DUE TO SPAM, SIGN-UP IS DISABLED. Goto Selfserve wiki signup and request an account.
Security Warning
NOTE: The tika-pipes modules in combination with tika-server open potential security vulnerabilities if you do not carefully limit access to tika-server. If the tika-pipes modules are turned on, anyone with access to your tika-server has the read and write permissions of the tika-server, and they will be able to read data and to forward the parsed results to whatever you've configured (see, for example: https://en.wikipedia.org/wiki/Server-side_request_forgery). The tika-pipes modules for tika-server are intended to be run in tightly controlled networks.
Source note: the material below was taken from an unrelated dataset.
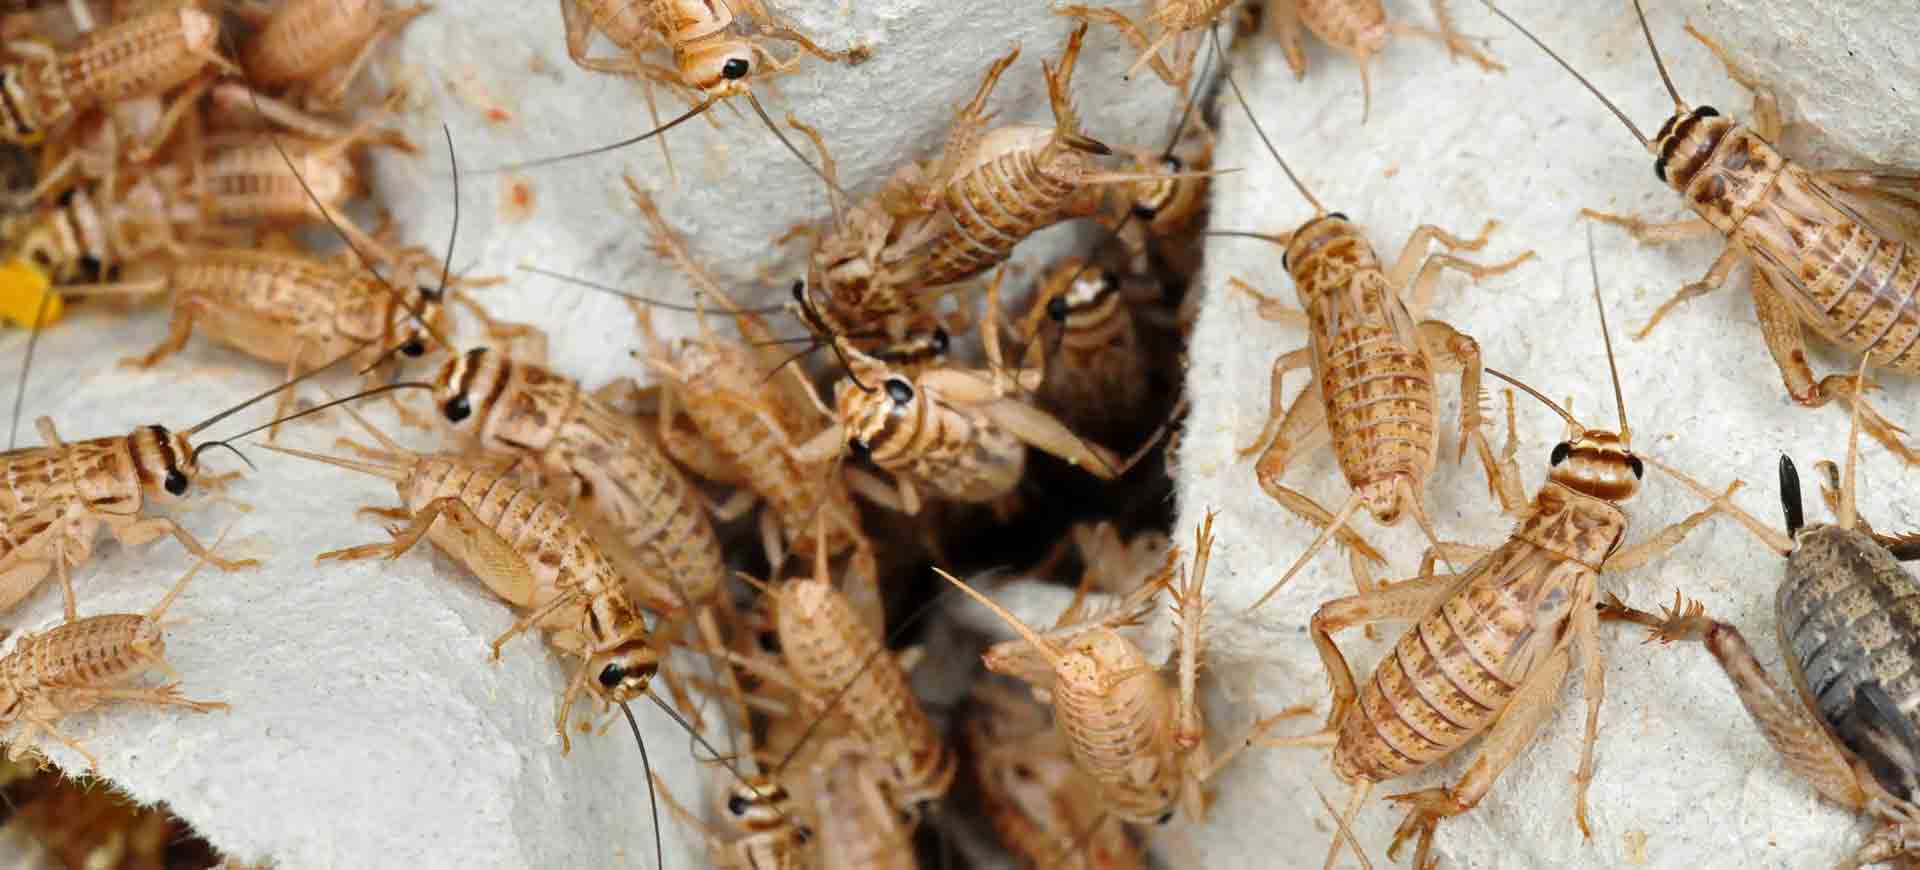 cricket pest control bonita

DO NOT use tika-pipes if your tika-server is exposed to the internet or if you do not carefully restrict access to tika-server.
Consider adding two-way TLS encryption to your client and server, a beta version of which is available in 2.4.0: TikaServer#SSL(Beta).
Overview
The tika-pipes modules enable fetching data from various sources, running the parse and then emitting the output to various destinations. These modules are built around the RecursiveParserWrapper output model (-J option in tika-app and /rmeta endpoint in tika-server-standard). Users can specify content format (text/html/body) and set limits (number of embedded files, max content length) via FetchEmitTuples. Further, users can add Metadata Filters to select and modify the metadata that is extracted during the parse before emitting the output.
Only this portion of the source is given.